** PROBLEM DESCRIPTION **
From the material below, return exactly the lines starting at the one that holds "Double Spout and" and ending at the one that holds "Staycation 2020 - Stay". Pictures stay out of the answer.

** MATERIAL SHOWN **
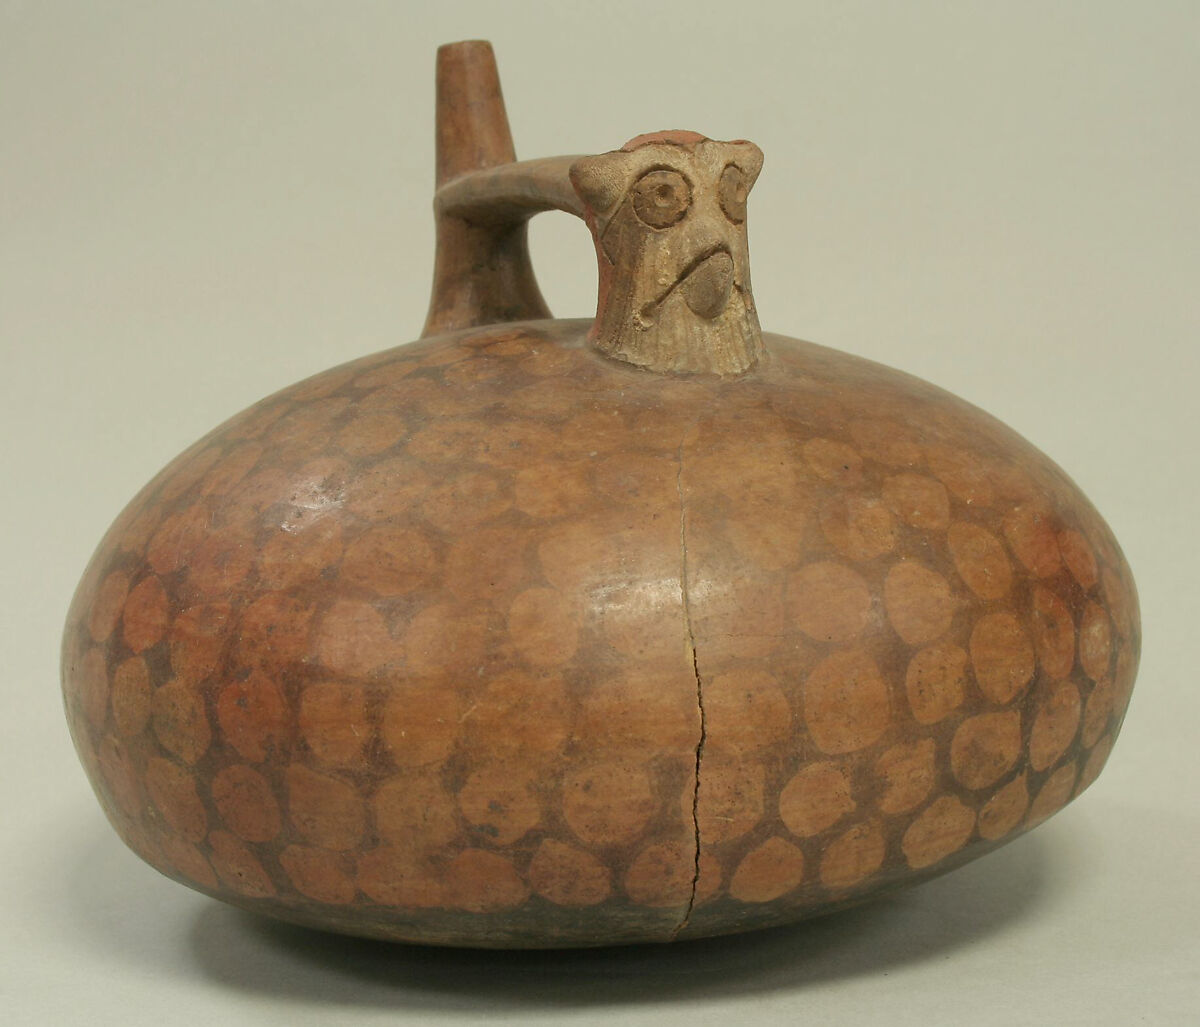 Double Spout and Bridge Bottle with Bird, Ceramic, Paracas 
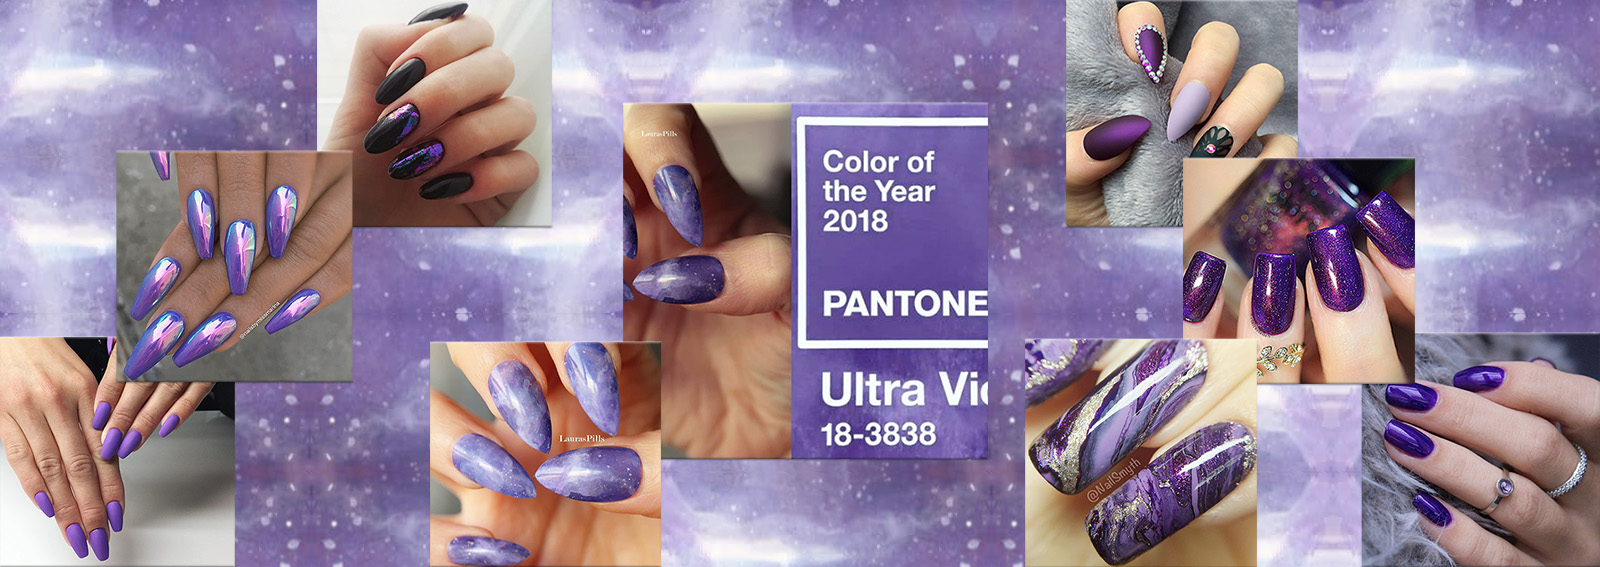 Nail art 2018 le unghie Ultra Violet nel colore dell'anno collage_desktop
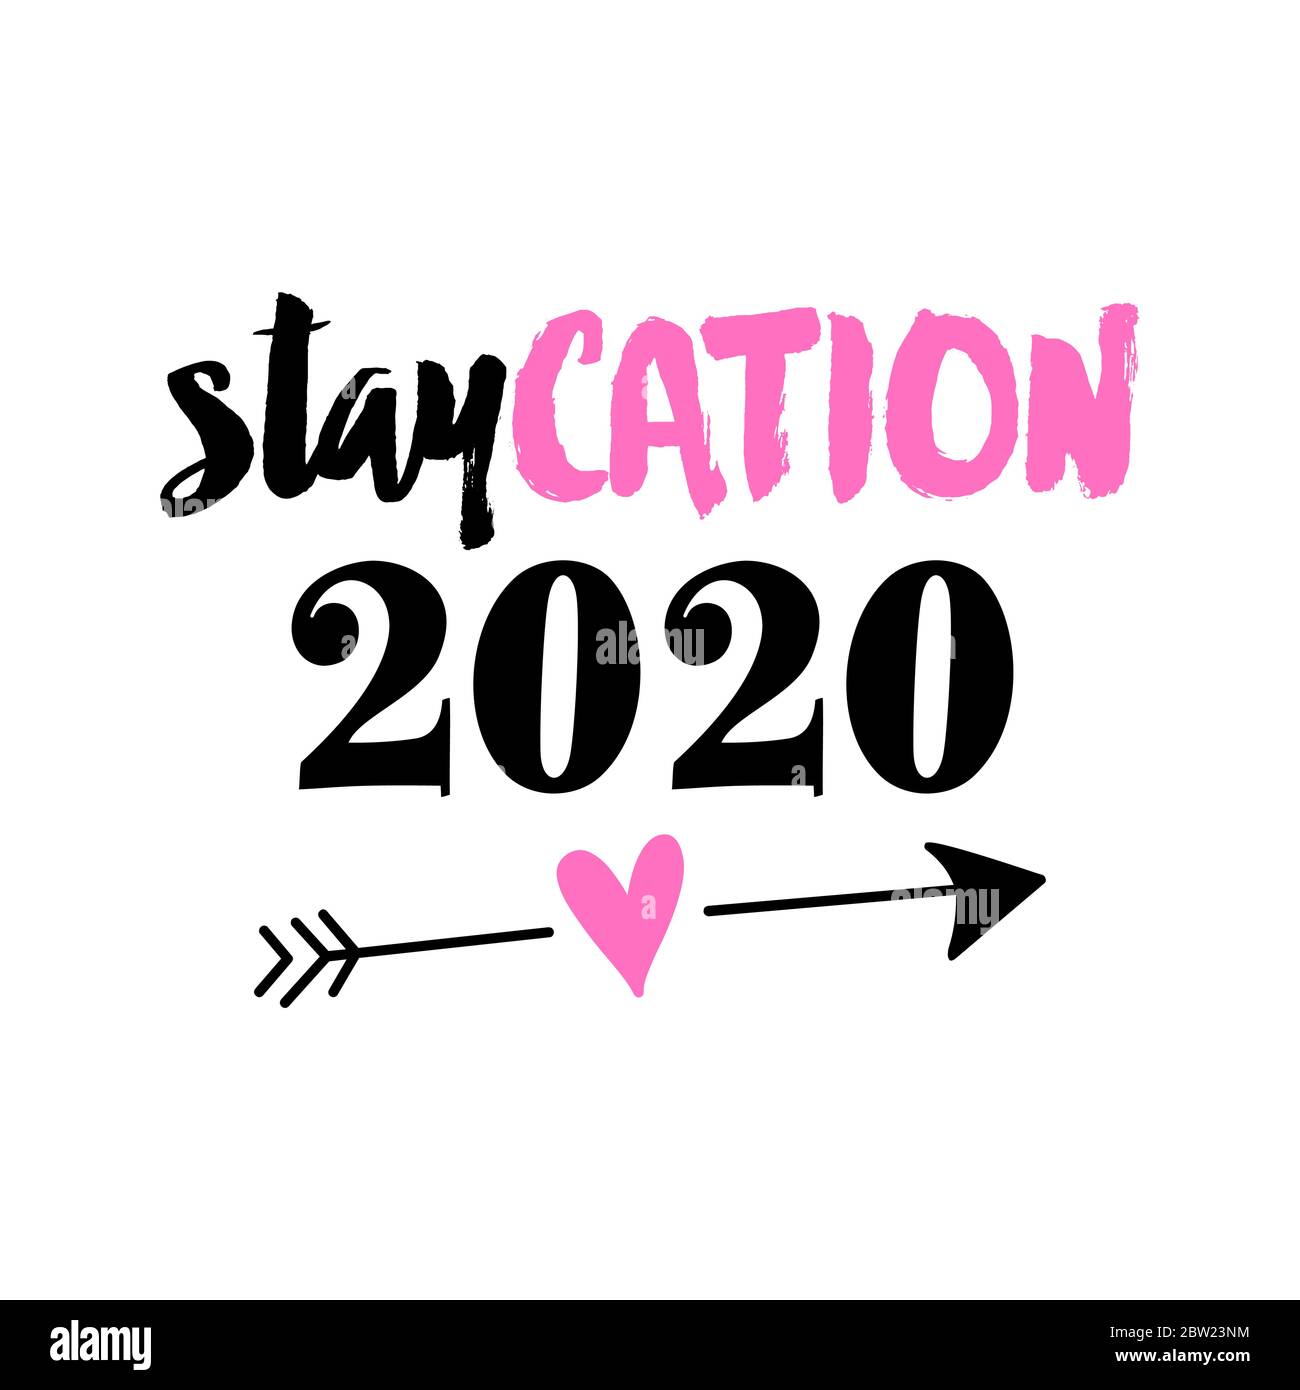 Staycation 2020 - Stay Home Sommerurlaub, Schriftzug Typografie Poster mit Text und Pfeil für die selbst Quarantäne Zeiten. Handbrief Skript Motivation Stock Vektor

...

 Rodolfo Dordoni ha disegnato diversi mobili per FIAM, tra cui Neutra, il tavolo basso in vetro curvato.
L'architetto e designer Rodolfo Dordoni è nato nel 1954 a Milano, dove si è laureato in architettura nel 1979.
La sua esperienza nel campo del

* * *

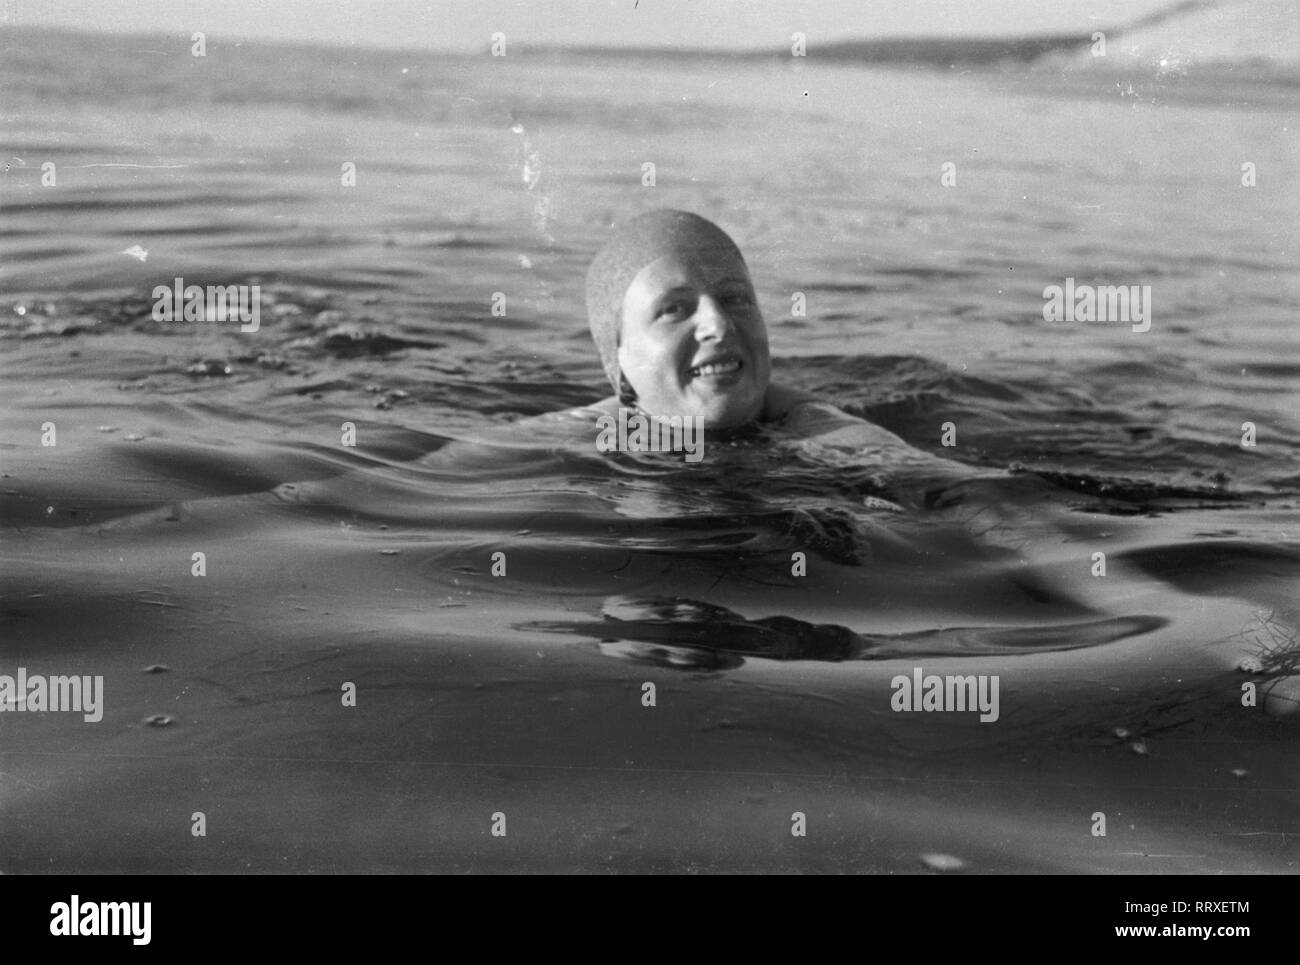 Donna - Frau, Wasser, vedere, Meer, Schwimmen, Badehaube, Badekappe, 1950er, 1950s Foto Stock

** RESPONSE TO THIS TASK **
 Double Spout and Bridge Bottle with Bird, Ceramic, Paracas 
 Nail art 2018 le unghie Ultra Violet nel colore dell'anno collage_desktop
 Staycation 2020 - Stay Home Sommerurlaub, Schriftzug Typografie Poster mit Text und Pfeil für die selbst Quarantäne Zeiten. Handbrief Skript Motivation Stock Vektor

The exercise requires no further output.